Robert Barnwell Rhett’s “Union of the White Race of the South”

Rhett envisioned a future "Union of the White Race of the South"

South Carolina

Robert Barnwell Rhett, the “father of secession,” looked forward to the day when the South would rise again and secede from the United States.

During Reconstruction, Rhett hoped that the Yankee occupation would prove to be so extreme that it would provoke a backlash which would culminate in the “Union of the White Race of the South.”

Even after the abolition of slavery, Rhett continued to attack the “negroites” in the Charleston Mercury and defend the traditional Southern view that Dixie always was and ought to remain a “White Man’s Country”:

They should rule us directly by the sword,” he said, rather than “that we should attempt to rule ourselves under their authority,” for that would be merely to sanction their despotism. “Obey and suffer, and bide our time” was his counsel.

Indeed, he almost feared the Union would be too lenient and forbearing with them, for it would only lure the South once again into the impossible notion that the two sections could live together. He hoped the Yankees would harass them sufficiently that it would create a reaction among Southerners so great as to achieve “the Union of the White Race of the South” to a degree they had not been united during the war, defeat forever the evil delusion of Reconstruction, and set them on the course to revolution and independence once more “under the great principles of the Confederate States’ Constitution.” . . .

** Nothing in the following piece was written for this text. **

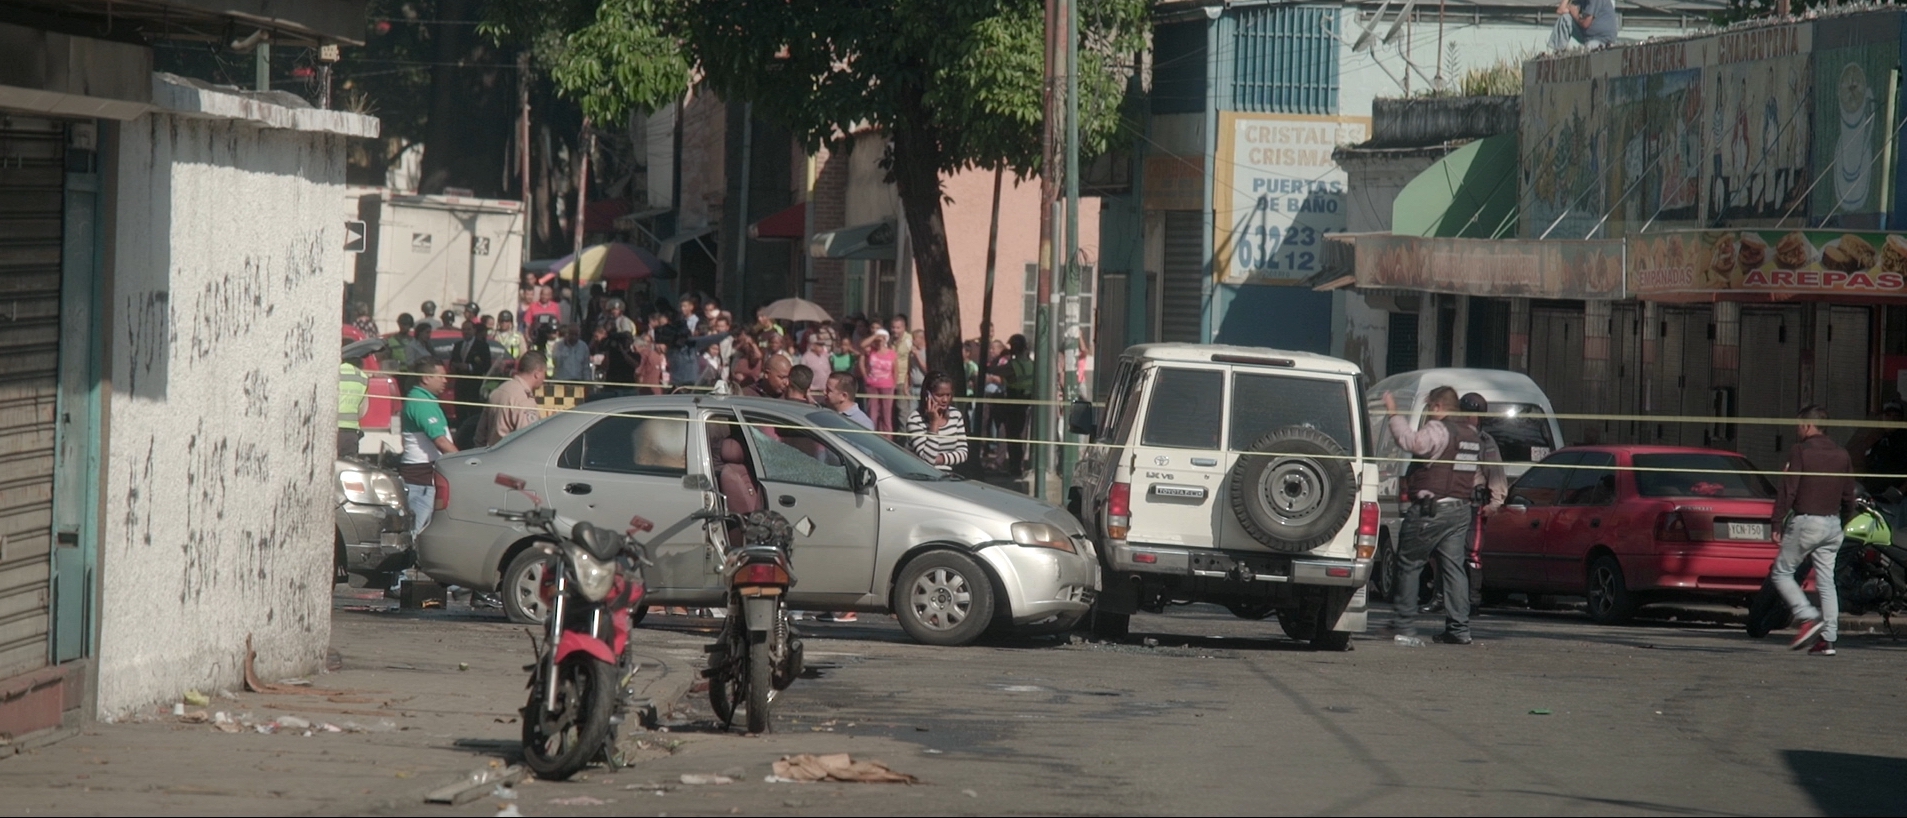 LA RANçON 20 - Caracas, Vénézuela, fusillade après une tentative de kidnapping -(c) Little Big Story

Not surprisingly, he and the Mercury railed against the “carpetbaggers and negroites” ruling the South, and they warned that if they tried to use their military force to impose domination, they risked awakening once more the slumbering Southern spirit of resistance.

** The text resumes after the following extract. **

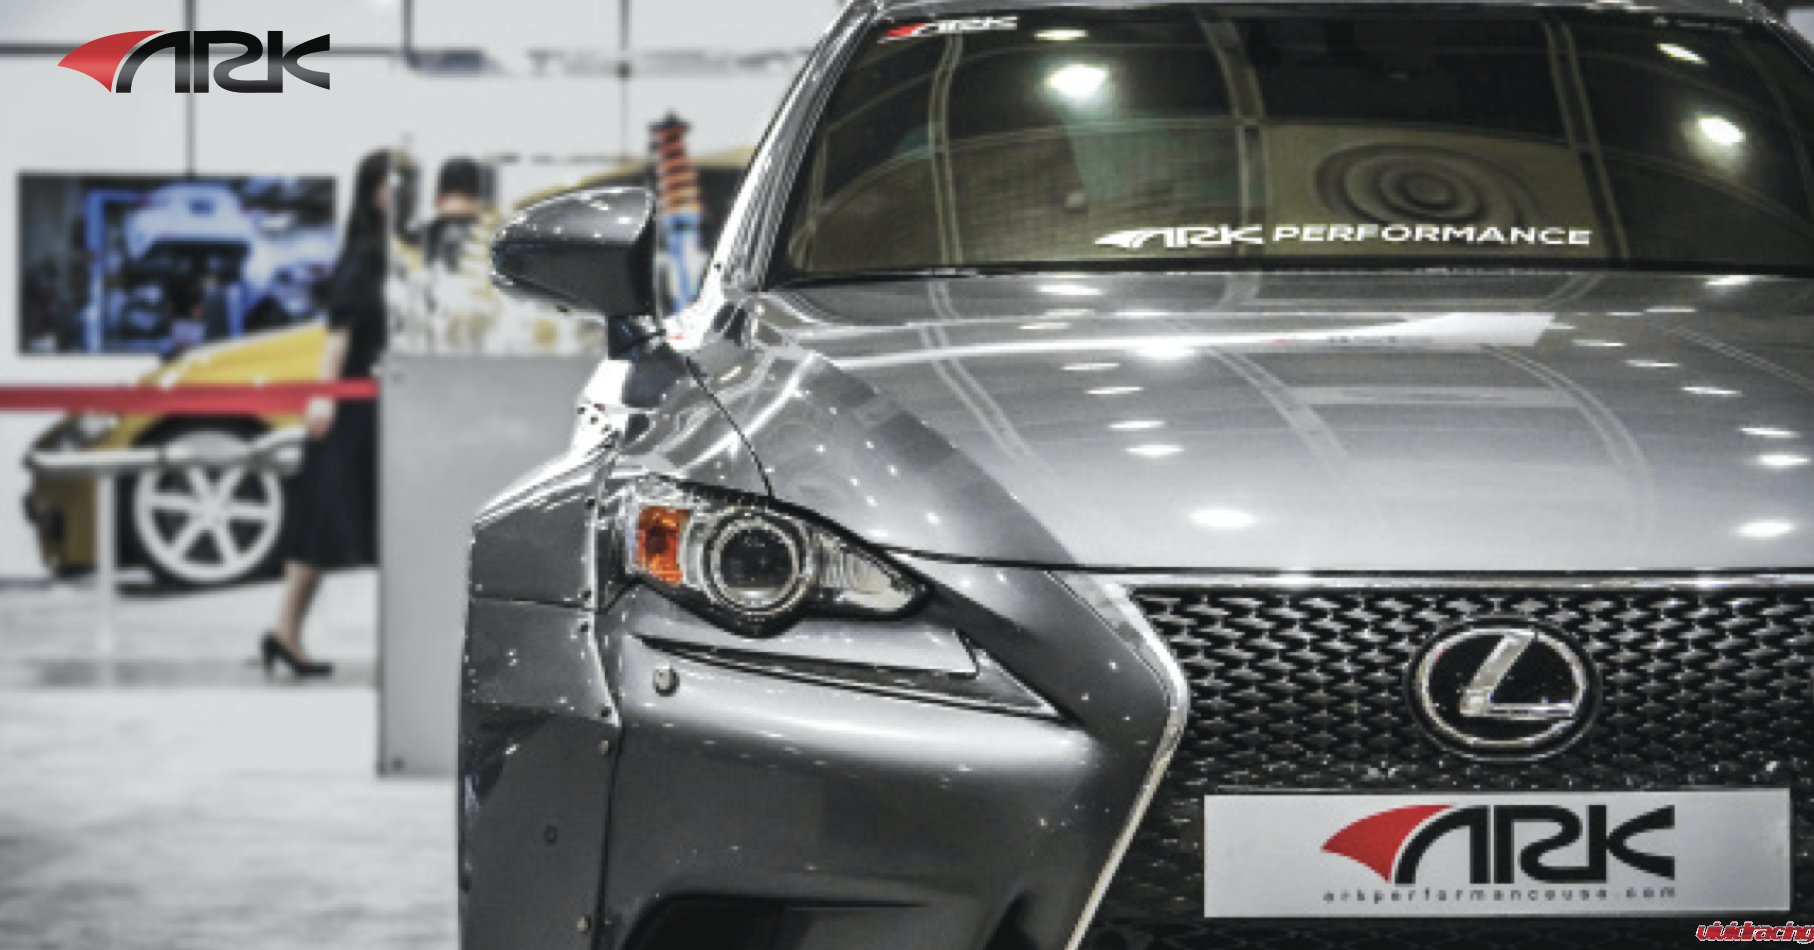 ARK Performance, Solus wide body kit, Lexus IS

The United States was intended to be a white man’s government, he declared, deploring those who favored providing education and property to black men to qualify them to vote, for he accused them of doing it only to conciliate the Radical Republicans.”

If Robert Barnwell Rhett were alive today, he would surely have a few choice words for the Negrophiles with their “Black Confederates” and “Heritage Not Hate” propaganda that has nothing whatsoever to do with the historical Confederacy.

William Lowndes Yancey would have been equally disgusted by their liberal and profoundly non-traditional racial views:

“A few days later at a bipartisan meeting held to plan the course of action for Alabama, some questioned whether Alabama should secede even if many slave states remained in the Union. Yancey replied, “Shall we remain [in the Union] and all be slaves? Shall we wait to bear our share of the common dishonor? God forbid!” And even if disunion resulted in war, Yancey declared that rather than live under a Lincoln government that “places me in a position inferior to the Northern free negro,” he would rather gather a corps of brave men who “however few in number, would find a grave which the world would recognize, my countrymen, as a modern Thermopylae.”

Like the Spartans at Thermopylae, we will continue to defend the traditional Southern view of race, and we will continue to relentlessly mock the Negrophiles and their ridiculous cartoon version of Southern history.